The Merih Celasun Award Winner: "The Extension of Compulsory Education Has Reduced the Number of Child Brides."

A study that examines the impact of education on marriage and birth rates reveals that the reform has increased the schooling rates for girls, especially in the rural Turkey.

ANKARA – The extension of compulsory education from five to eight years has increased schooling rates and decreased the number of teenage marriage and births in Turkey. The findings of the TEPAV 2012 Merih Celasun Award winner study, titled “The Effects of Compulsory Schooling Laws on Teenage Marriage and Births in Turkey,” was presented and discussed during a panel meeting at TEPAV on Tuesday, 28 May 2013.

In his opening address, TEPAV Entrepreneurship Institute Director and Awards Jury member Prof. Dr. Serdar Sayan said that all of the articles that had been submitted for the TEPAV 2012 Merih Celasun Award competition had been highly qualified. He said, “All the studies were intriguing and based on creative ideas. The jury members said they had difficulty in deciding the winning study.”

The TEPAV 2012 Merih Celasun Award was presented to the authors of the winner article, Associate Professor Dr. Murat G. Kırdar and Associate Professor Dr. Meltem Dayıoğlu of Middle East Technical University, and Professor Dr. İsmet Koç of Hacettepe University.

During the presentation, co-author Murat Kırdar stated that despite the general increase in the age of first marriage, teenage marriage and birth rates remained at significant levels in Turkey. The study examined the impact of the education reform program implemented in the 1997-98 academic year, which extended compulsory schooling from 5 to 8 years, on marriage and birth behavior by comparing the results for the number of children born before 1987 with that of those born in or after 1987.

Larger impact on girls in rural areas

The most striking finding of the study was that with the reform, the rate of 8th grade completion among females living in urban areas, considered as the most disadvantageous group, increased by almost 40 percentage points, from 20-30 percent to 60 percent. In urban areas, the rates of increase were 18 points for females and 13 points for males. The reform also improved schooling rates at high school level significantly, although the rate of increase was higher for males than females. Kırdar said, “The impact of the reform at high school level was stronger in urban areas. This might be explained by the fact that men feel the need to distinguish themselves via education in order to join the labor force more than women do.”

According to the study, without the reform 7.4 percent of the girls would have married at the age of 16 and 21 percent at the age of 18, while the rates decreased to 4.6 percent and 16.5 percent, respectively, after the reform. Stating that for the cohort above 19, birth rates decreased from 16 percent to 11 percent after the reform, Kırdar said, “The declines in marriage and birth rates were not limited to compulsory education.”

Kırdar said that the new compulsory schooling policy affected teenage marriage rates via the incarceration effect rather than the human capital affect.

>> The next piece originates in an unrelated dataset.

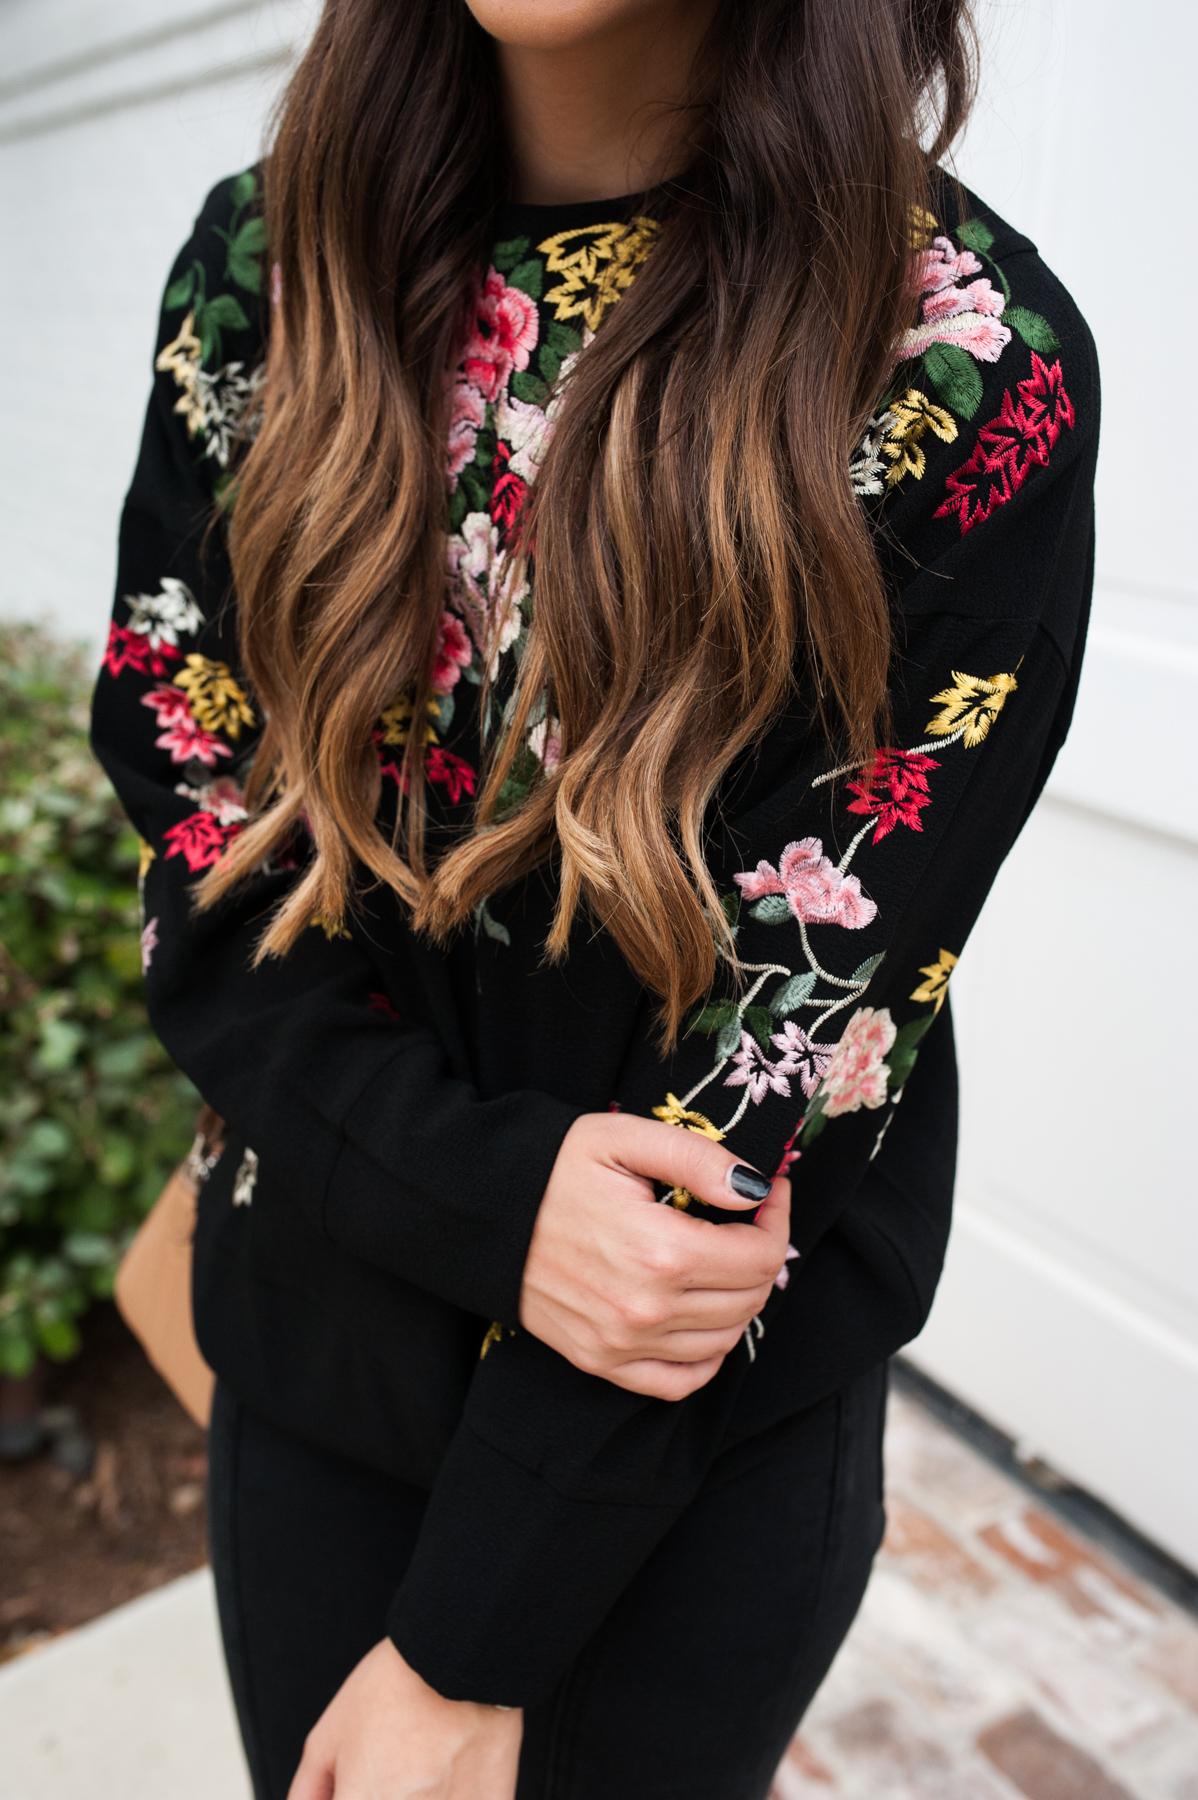 Embroidered Flower Sweatshirt | Dress Up Buttercup

Concerns about RPBSs and mobile education

During the discussion, Kırdar talked about the positive impact of regional primary boarding schools and mobile education services on improving schooling rates in urban areas and said that the new 4+4+4 reform in education raised concerns in this respect. He added that they were going to monitor the implementation process in this regard.

“Important for the emancipation of women”

In the discussion session, Assoc. Prof. Dr. Haluk Levent of Galatasaray University and Dr. Semih Tümen of the Central Bank of Turkey discussed the article. Levent said, “The study is of critical importance concerning the emancipation of women. With marriage, women move from their father’s home to their husband’s home. This is a great impediment to the emancipation of women. The impact on human capital is even more critical. It appears that the problem of early marriage in Turkey will be solved, either voluntarily or through the incarceration effect.”

Semih Tümen said, “The study primarily instructs policy-makers. They have to investigate this causality. The researcher dimension of the study puts forth how to measure the impacts of a reform or policy intervention. Another dimension would be to link reforms with micro outputs.” The panel ended after the questions and answer session.

Celasun Family Award goes to another study

Unlike last year, the 2012 Merih Celasun Family Award was given to a second study. The article, titled “Growth and Demography in Turkey: Economic History vs. Pro-Natalist Rhetoric” by M. Aykut Attar of Hacettepe University, won the special Family Award.